Nesta terça-feira (10), o mercado financeiro acompanhou o desempenho dos principais índices de Nova York. O Dow Jones teve baixa de 0,07%, o S&P 500 cedeu 0,21% e o Nasdaq registrou avanço de 0,01%.
Na sessão de hoje, os contratos futuros do petróleo fecharam em forte queda. O movimento foi influenciado por comentários de Trump, feitos na véspera, de que a guerra na região pode terminar em breve e de que já possibilidade de alívio em sanções ligadas à commodity.
Negociado na New York Mercantile Exchange (Nymex), o petróleo WTI para abril fechou em baixa de 11,9% a US$ 83,45 o barril. Já o Brent para maio caiu 11,2% a US$ 87,80 o barril, negociado na Intercontinental Exchange de Londres (ICE).
Mais cedo, porém, as declarações do Irã chegaram a limitar as perdas das cotações. O país afirmou que pode bloquear exportações de petróleo enquanto estiver sob ataque, o que inicialmente trouxe volatilidade ao mercado de energia.
Dólar recua frente a moedas fortes
No mercado de câmbio, o dólar hoje operou em baixa ante outras moedas fortes, ampliando as perdas registradas no preção anterior. O movimento também refletiu as declarações de Trump, que contribuíram para pressionar os preços do petróleo.
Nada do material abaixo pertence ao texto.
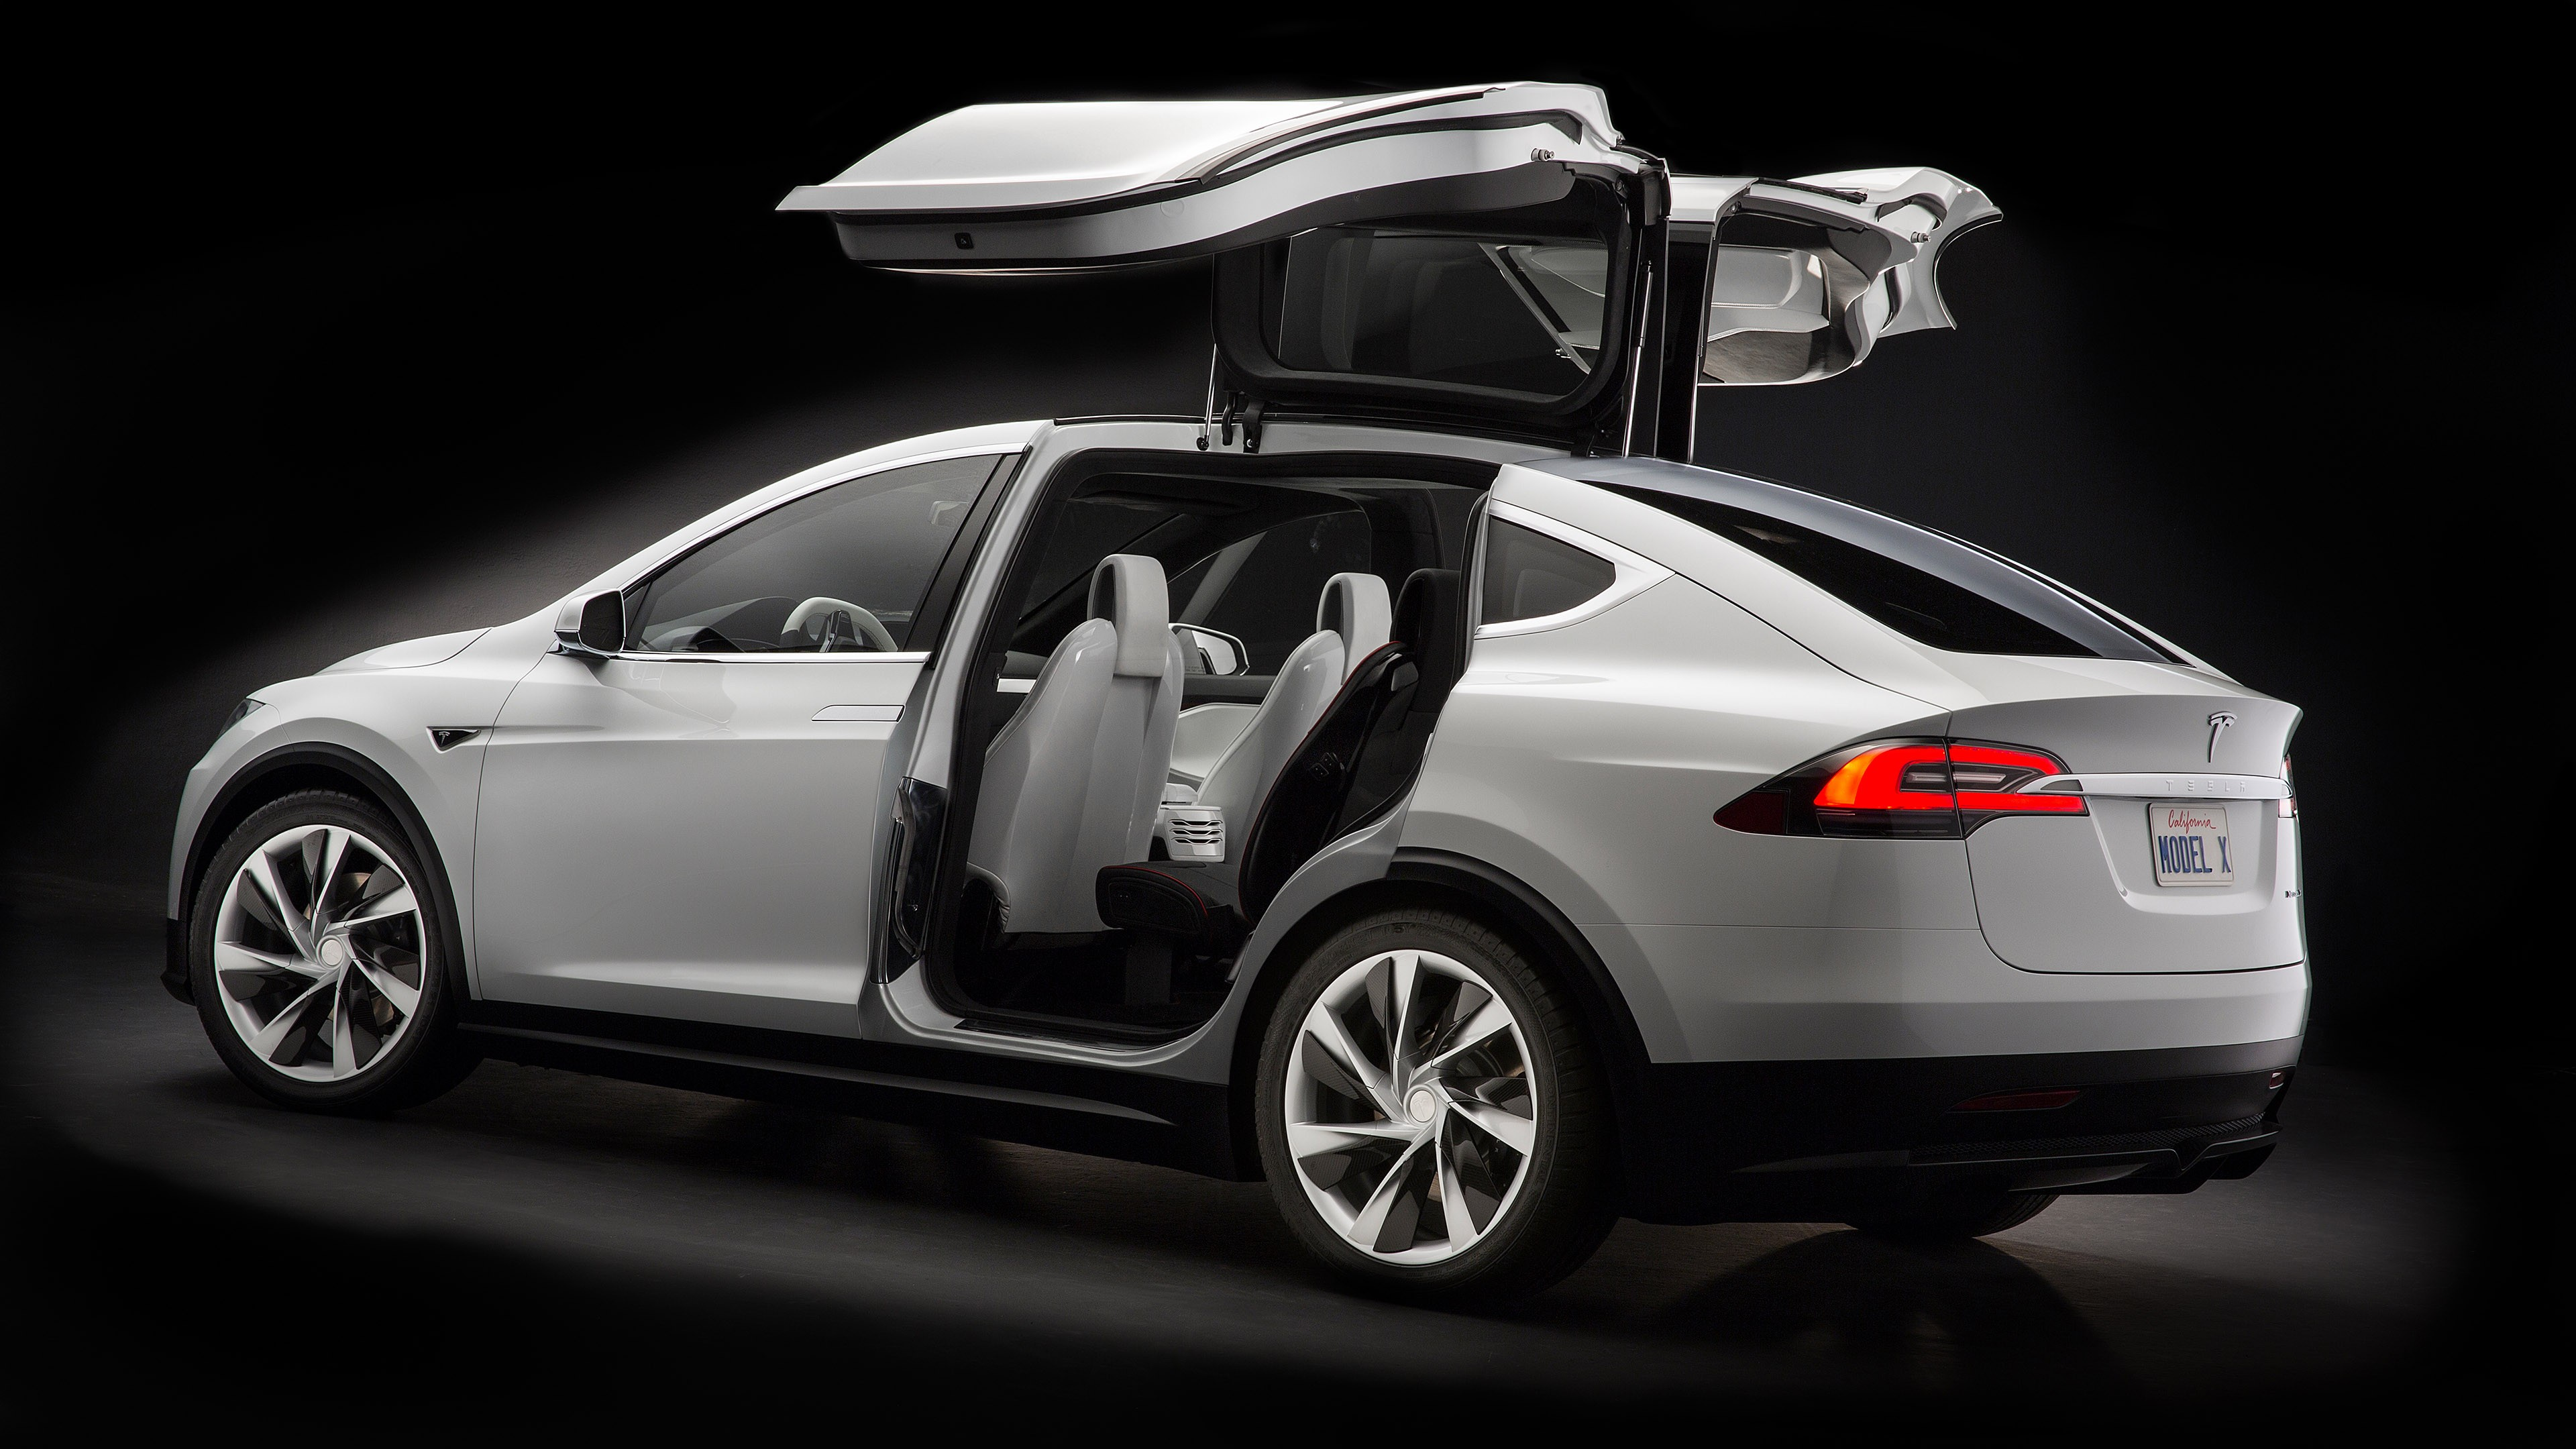 wallpaper tesla model x white electric cars suv 2016 cars bikes 7308. Black Bedroom Furniture Sets. Home Design Ideas

O índice DXY, que mede o desempenho da moeda americana frente a uma cesta de seis divisas fortes, recuou 0,35% aos 98,826 pontos. O euro caiu a US$ 1,1615, a libra cedeu para US$ 1,3418 e o dólar subiu a 158,10 ienes.
Treasuries sobem
No mercado de renda fixa, os rendimentos dos Treasuries (títulos públicos norte-americanos) subiram. O juro da T-note de 2 anos avançou para 3,585%, enquanto o da T-note de 10 anos subiu para 4,151% e o do T-bond de 30 anos teve alta a 4,784%.
Agenda econômica no radar
Na agenda econômica desta terça-feira (10), os investidores acompanharam novos dados do setor imobiliário dos Estados Unidos, com a divulgação das vendas de moradias usadas, que subiram 1,7% em fevereiro ante janeiro no país, para o ritmo anual sazonalmente ajustado de 4,09 milhões de unidades, segundo pesquisa da Associação Nacional de Corretoras (NAR, na sigla em inglês). O resultado contrariou a expectativa de analistas consultados pelo The Wall Street Journal, que previam uma queda de 1,3%, ao ritmo anual ajustado de 3,860 milhões.
O mercado financeiro também monitorou um leilão do Tesouro norte-americano, que ofertou US$ 58 bilhões em T-notes de três anos. A taxa bid-to-cover, um indicativo da demanda, ficou em 2,55 vezes, ante 2,69 vezes na média de seis leilões.